---------- STORED DATA

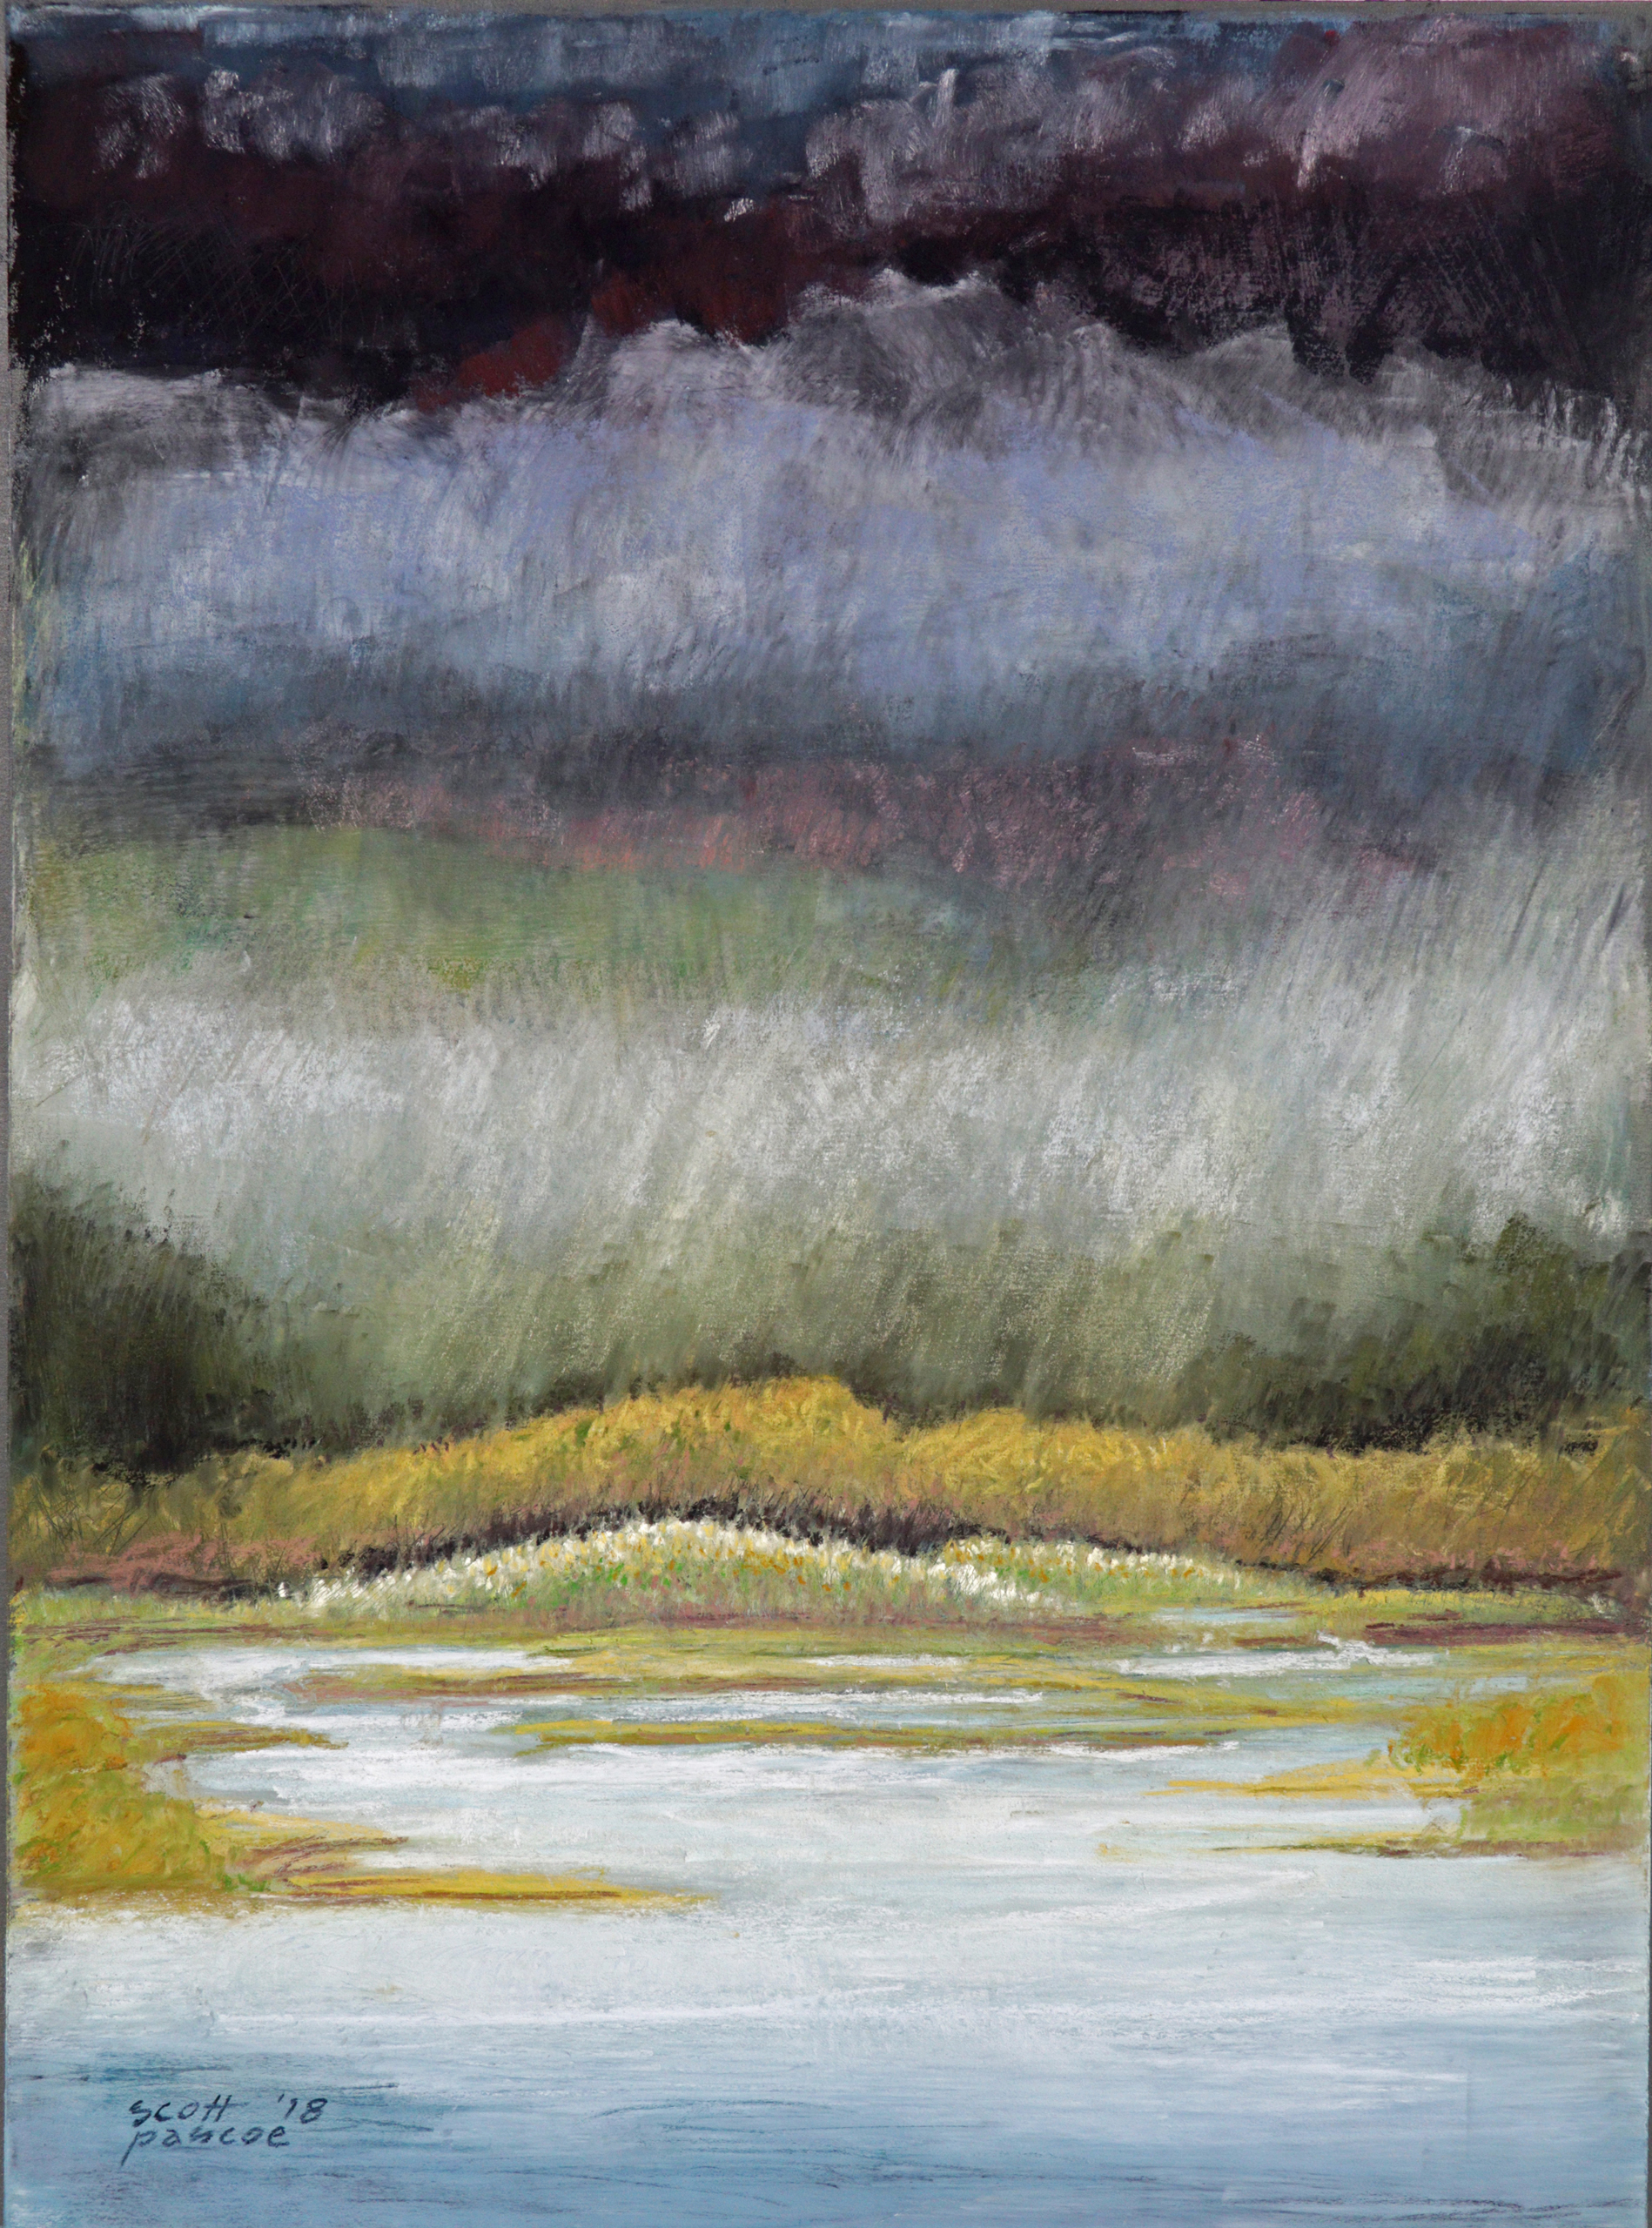 Landfall-Inner Bay Tidal 16x12 Soft Pastel - SOLD
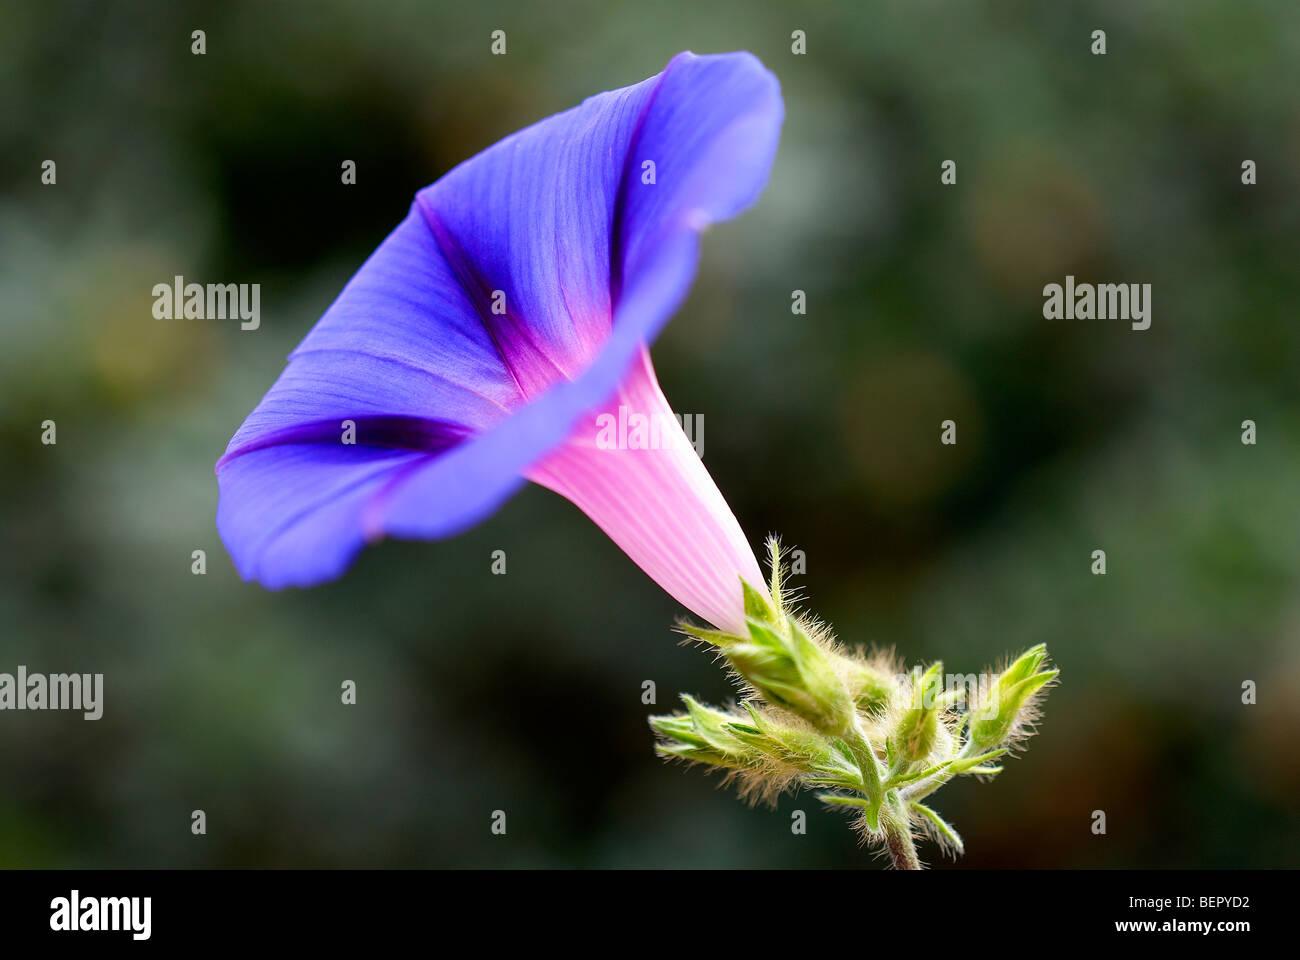 Morning glory, blue flower, royal blue, creeper, flower, flowers, close-up, close up, focus, macro, profile, white, - Stock Image
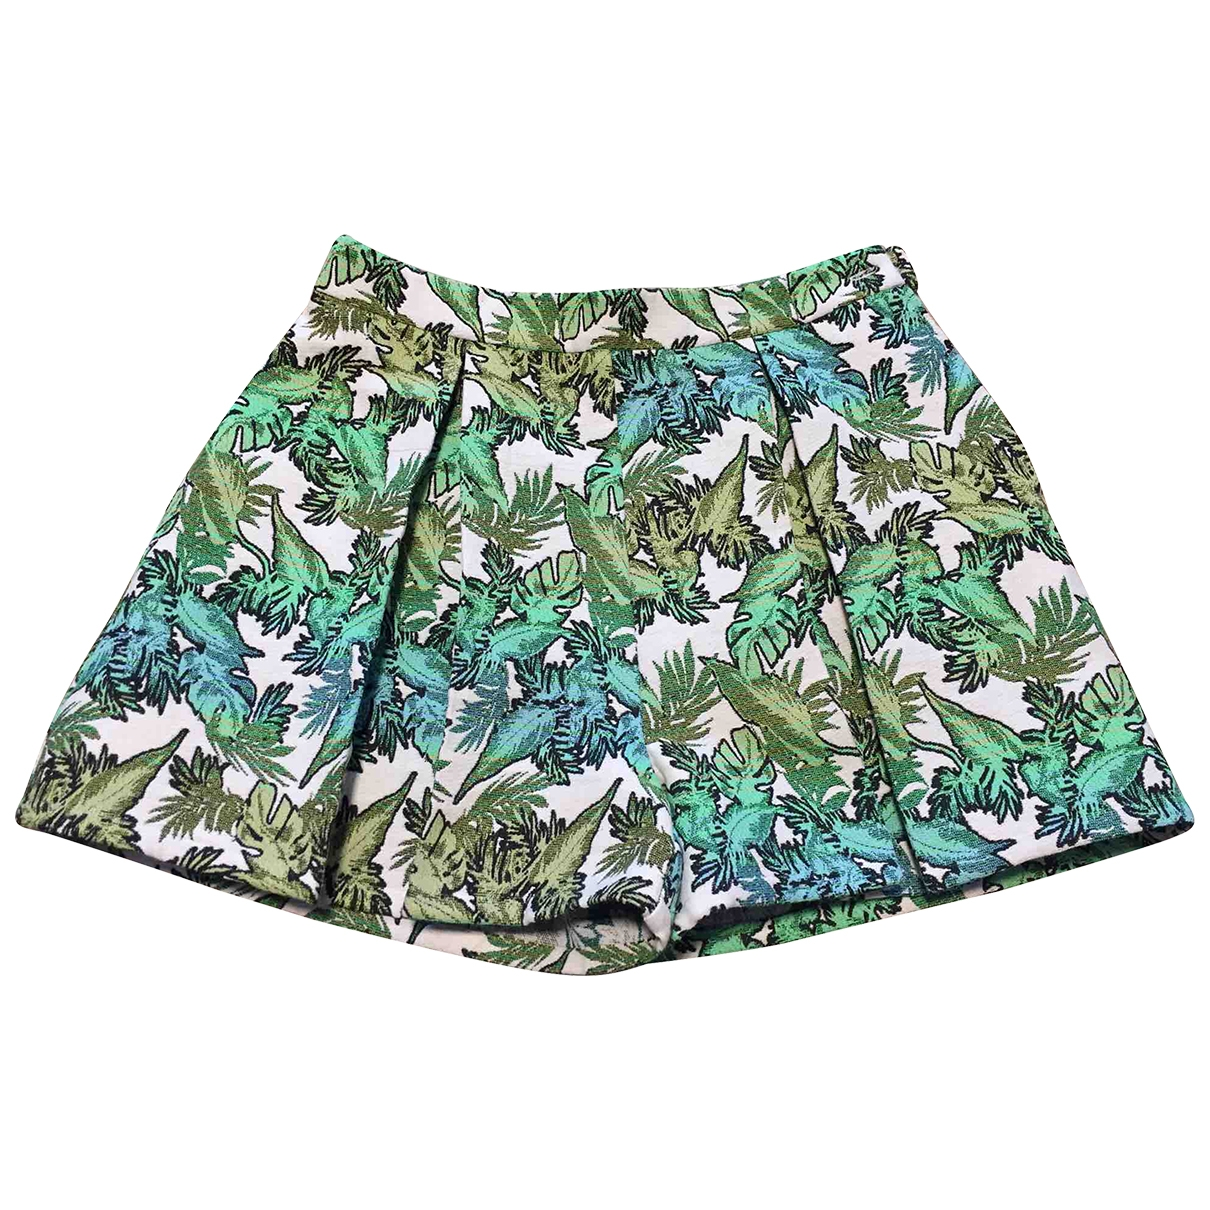 Department 5 \N Green Cotton Shorts for Women S International

--------------------

WHAT YOU SHOULD DO: Down to the final line, restate the material above word for word, but omit its pictures.

ANSWER TO THIS TASK:
 Landfall-Inner Bay Tidal 16x12 Soft Pastel - SOLD
 Morning glory, blue flower, royal blue, creeper, flower, flowers, close-up, close up, focus, macro, profile, white, - Stock Image
 Department 5 \N Green Cotton Shorts for Women S International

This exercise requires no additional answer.